TTS is becoming common in many environments. A TTS application can be used with virtually any text-based application to audibly present text. For example, a TTS application can work with an email application to essentially “read” a user's email to the user. A TTS application may also work in conjunction with a text messaging application to present typed text in audible form. Such uses of TTS technology a reparticularly relevant to user's who are blind, or who are otherwise visually impaired, for whom reading typed text is difficult or impossible.

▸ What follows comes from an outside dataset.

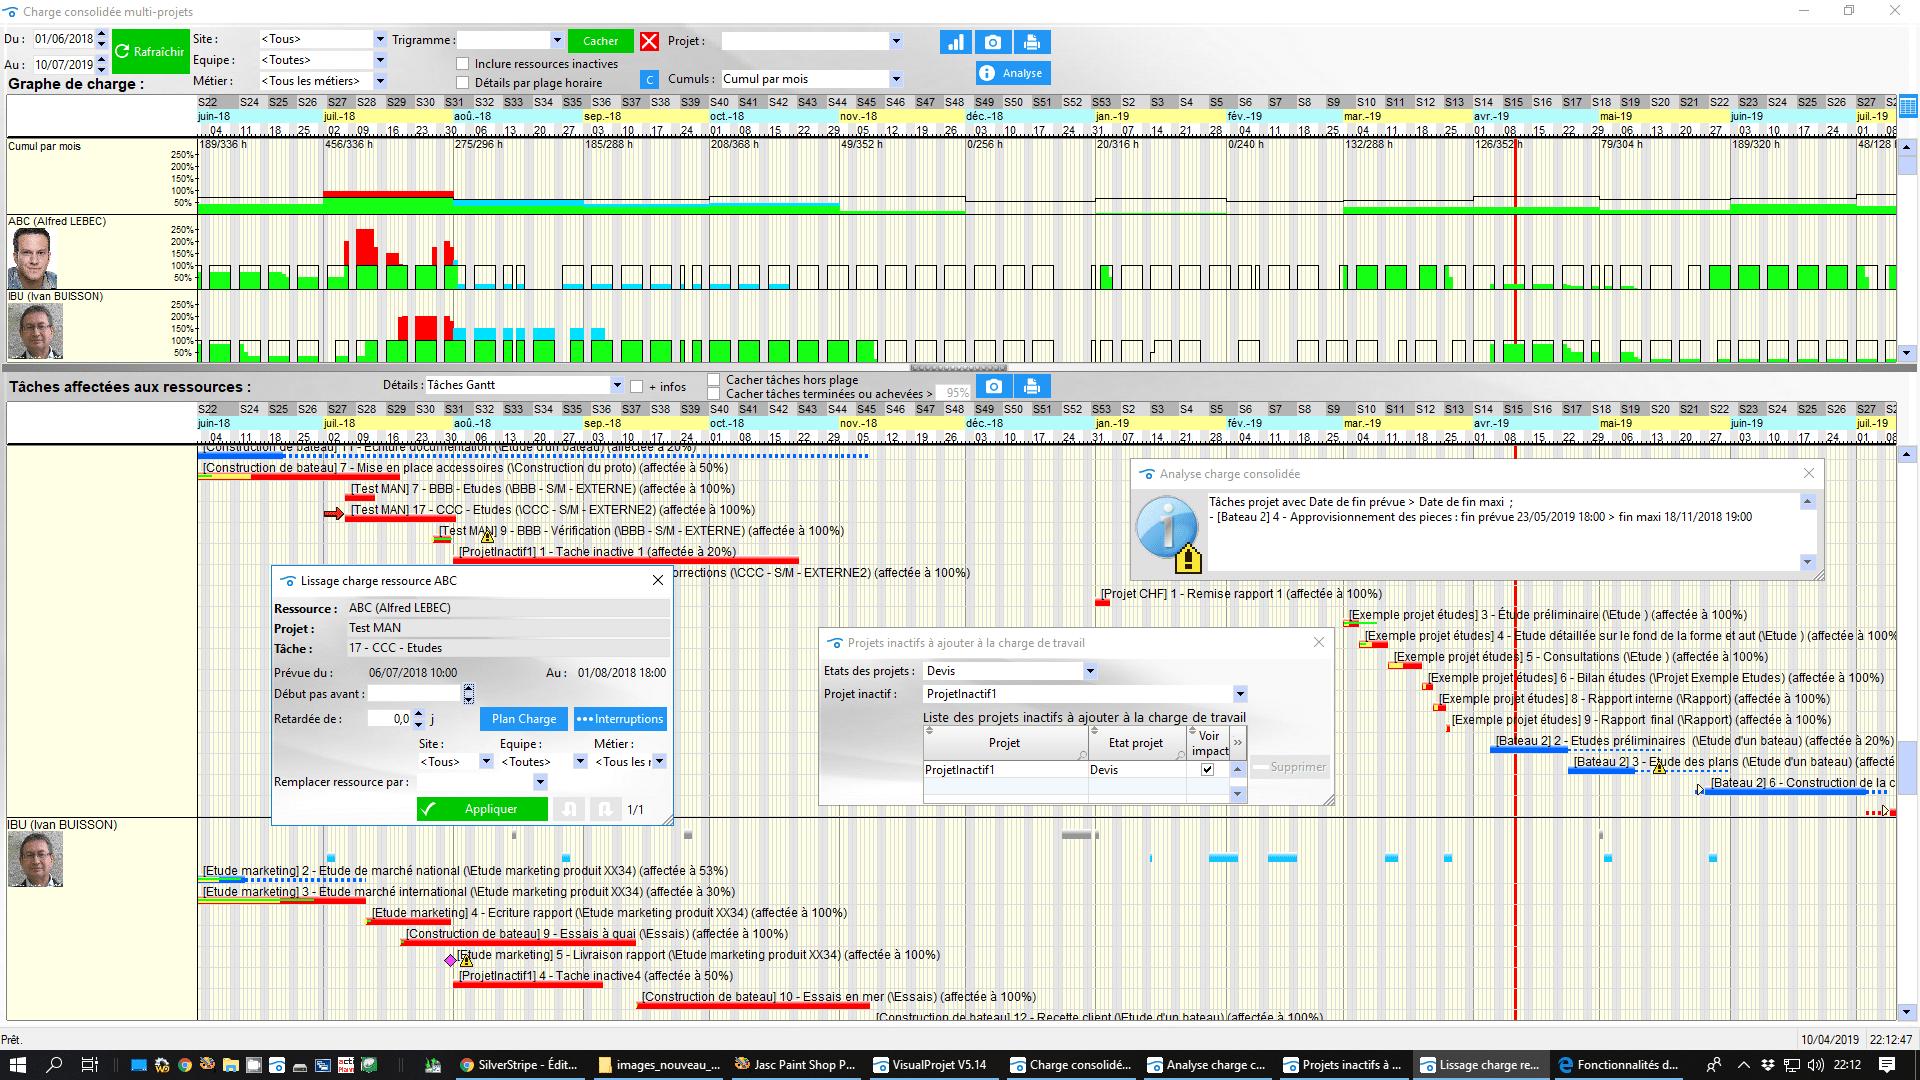 Fonctionnalits dtailles de visualprojet logiciel de gestion de charge travail logiciel gestion projet visualprojet ccuart Image collections

In traditional TTS systems, the user can choose a voice font from a number of pre-generated voice fonts. The available voice fonts typically include a limited set of female and/or male voices that are unknown to the user. The voice fonts available in traditional TTS systems are unsatisfactory to many users. Such unknown voices are not readily recognizable by the user or the user's family or friends. Thus, because these voices are unknown to the typical user, these voice fonts do not add as much value or be as meaningful to the user's listening experience as could otherwise be achieved.
Implementations of systems and methods described herein enable a user to create a voice font corresponding to their own voice, or the voice of a known person of their choosing. The user, or other selected person, speaks predetermined utterances into a microphone connected to the user's computer. A TTS engine receives the encoded utterances and generates a personalized voice font based on the utterances. The TTS engine may reside on the user's computer or on a remote network computer that is in communication with the user's computer. The TTS engine can interface with text-based applications and use the personalized voice font to present text in an audible form in the voice of the user or selected known person.

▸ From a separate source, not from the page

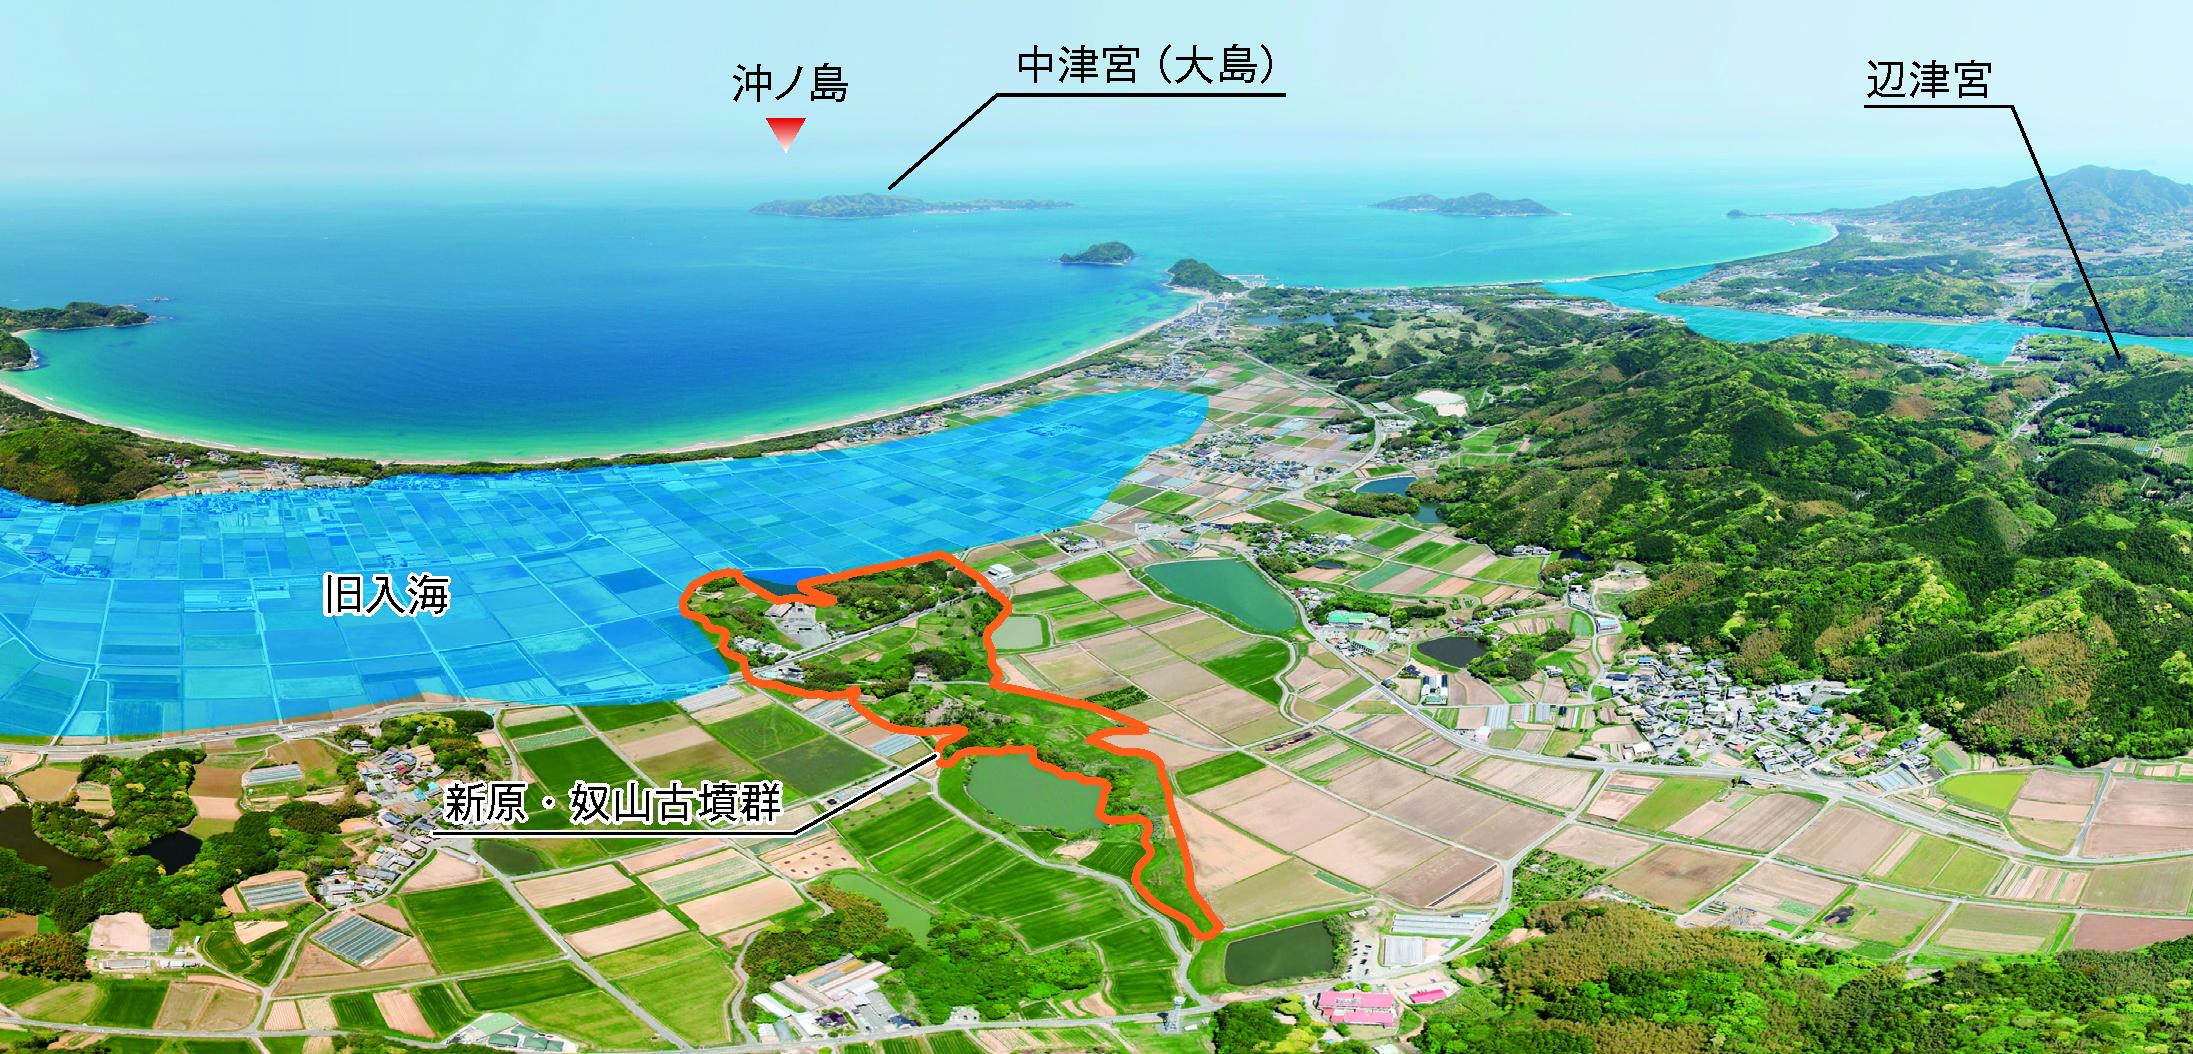 「神宿る島」宗像・沖ノ島と関連遺産群の画像 p1_34

Described herein are various implementations of systems and methods for generating a personalized voice font and using personalized voice fonts for performing text-to-speech (TTS). In accordance with various implementations described herein, a personalized voice font can be a private voice i.e., a voice font that corresponds to a voice of a person selected by a user or a celebrity voice font is a voice font that corresponds to a voice of a popular person. After the personalized voice font is generated, the user can select it, to have text audibly presented with the personalized voice font. The user may also select and download other personalized voice fonts or celebrity voice fonts.
In one implementation, a TTS engine resides on a remote computer that communicates with the user's computer. The user can download the TTS engine to the user's computer and thereby use the TTS engine locally. Alternatively, the user can access the TTS engine on the remote computer. Whether accessed locally or remotely, the TTS engine can be used to generate a personalized voice font and/or synthesize speech based on a selected voice font. In one implementation, a person of the user's choice speaks prepared statements into an audio input of a computer. The TTS engine uses the spoken statements to generate a personalized voice font. The personalized voice font can be automatically installed on the user's computer. As used herein, the term “speaker” refers to a person who is speaking, while the term “loudspeaker” refers to an audio output device often connected to a computer.

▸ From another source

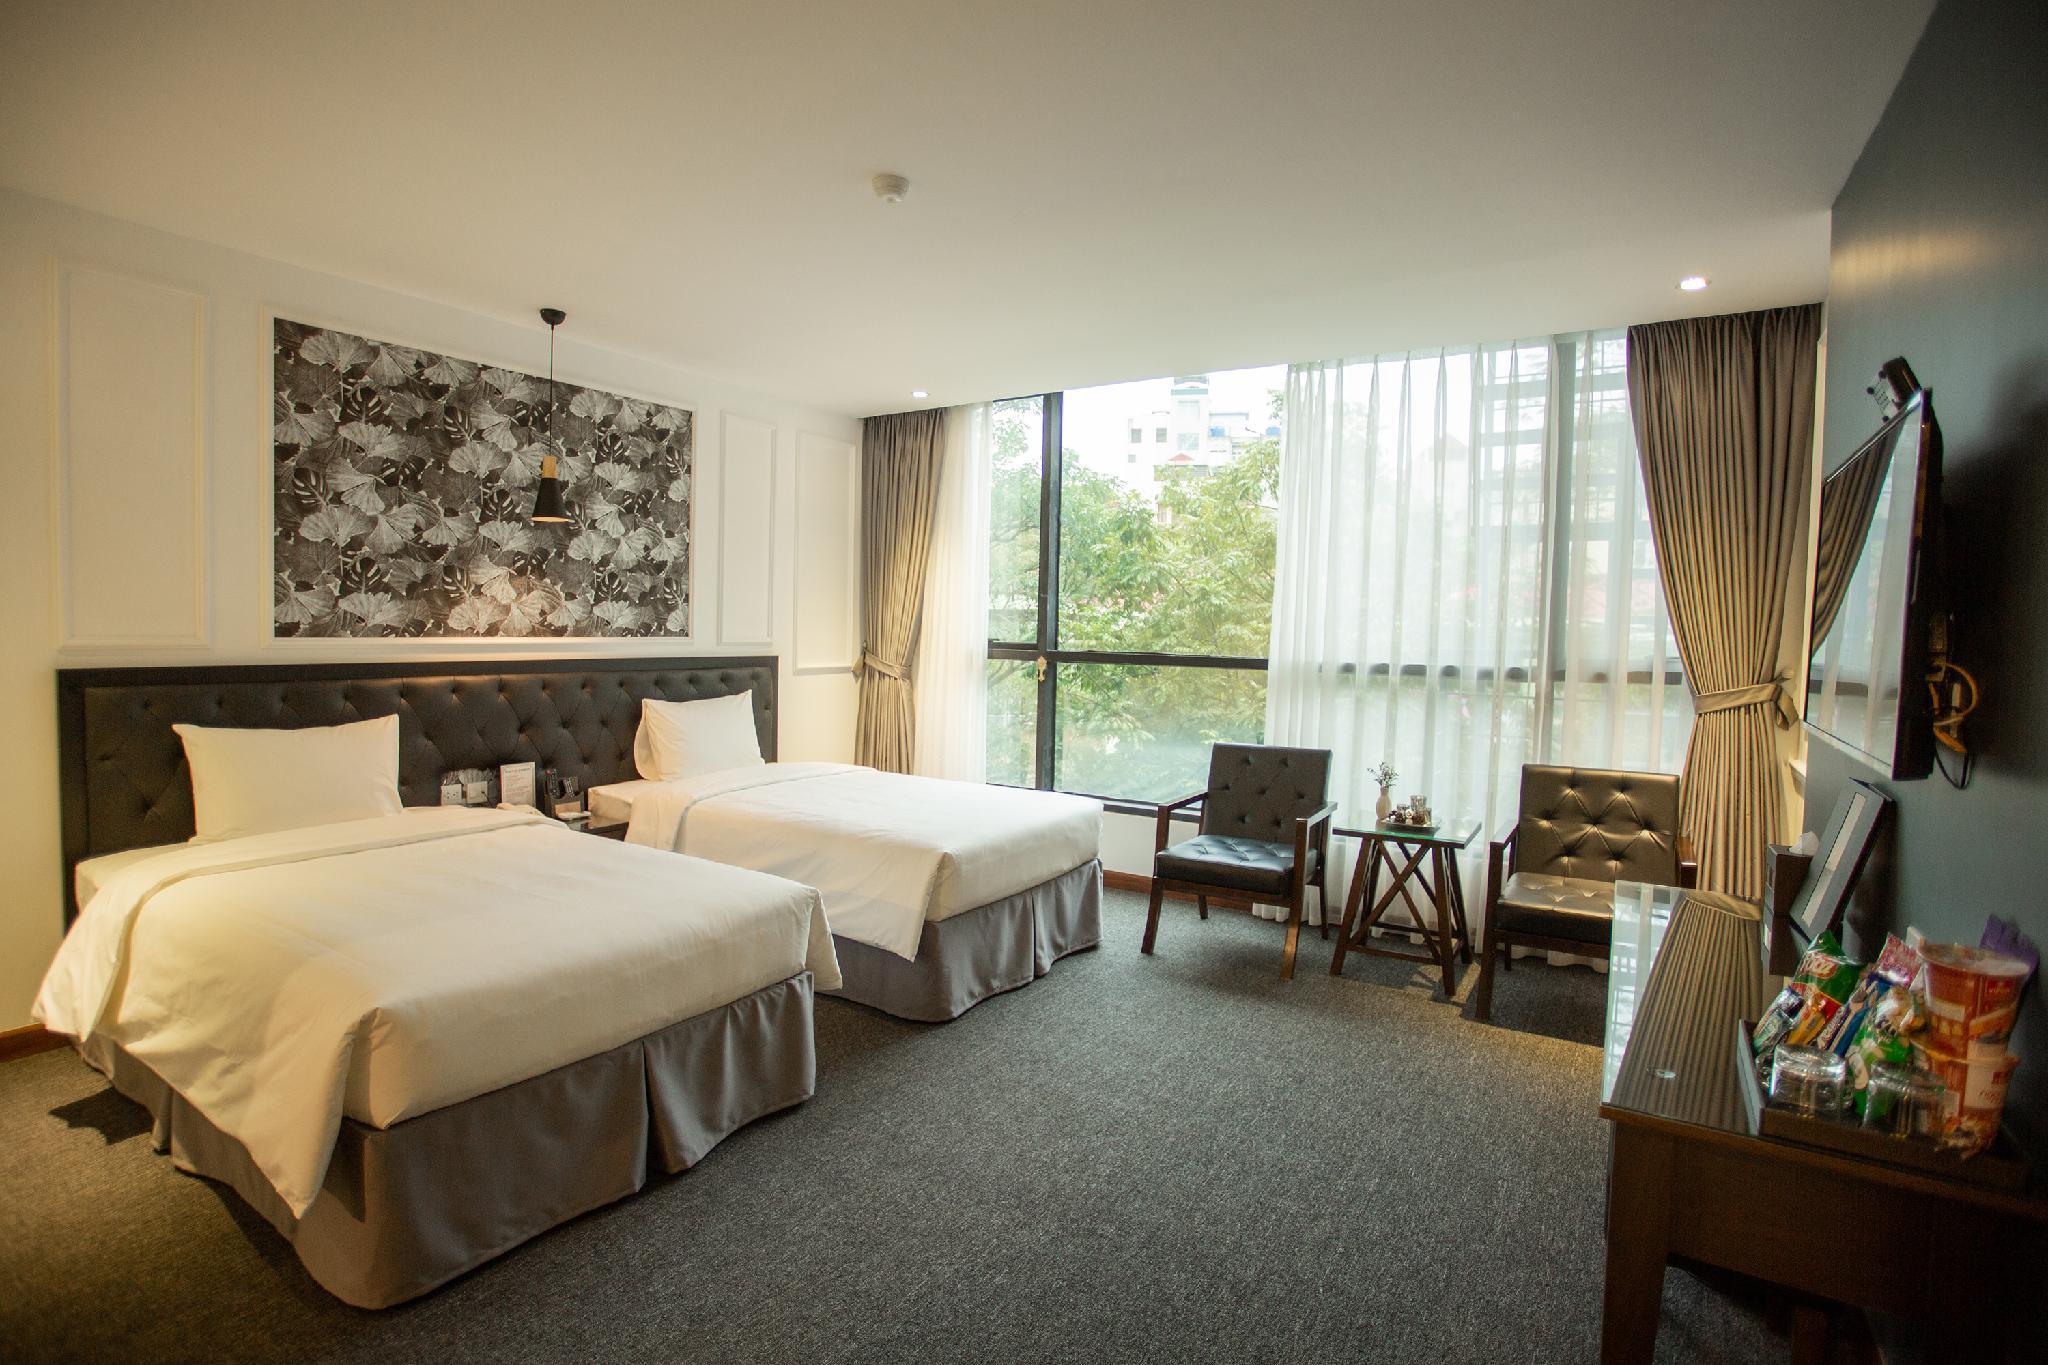 Adeline Apartment & Hotel Hanoi

In accordance with one implementation, a user at the client 102 accesses the TTS web service 106 using an Internet browser application 108 (i.e., browser). The browser 108 typically presents web pages to the user and provides utilities for the user to navigate among web pages, including by way of hyperlinks. Although the implementation illustrated in
In accordance with one implementation of the TTS web service 106, access is provided to a TTS application 110 for performing TTS functions, such as generating personalized voice fonts and using a selected voice font for generating synthesized speech. As shown, the TTS application 110 includes a TTS engine 112. The TTS engine 112 includes a voice font generator 114 and a speech synthesizer 116. The voice font generator 114 can be used to generate celebrity voice fonts 118 and/or private voice fonts 120. After the voice fonts are generated, the speech synthesizer 116 converts text to synthesized speech 122 based on one of the voice fonts. The synthesized speech 122 can be in the form of an audio file, such as, but not limited to, “.wav”, “.mp3”, “.ra”, or “.ram”.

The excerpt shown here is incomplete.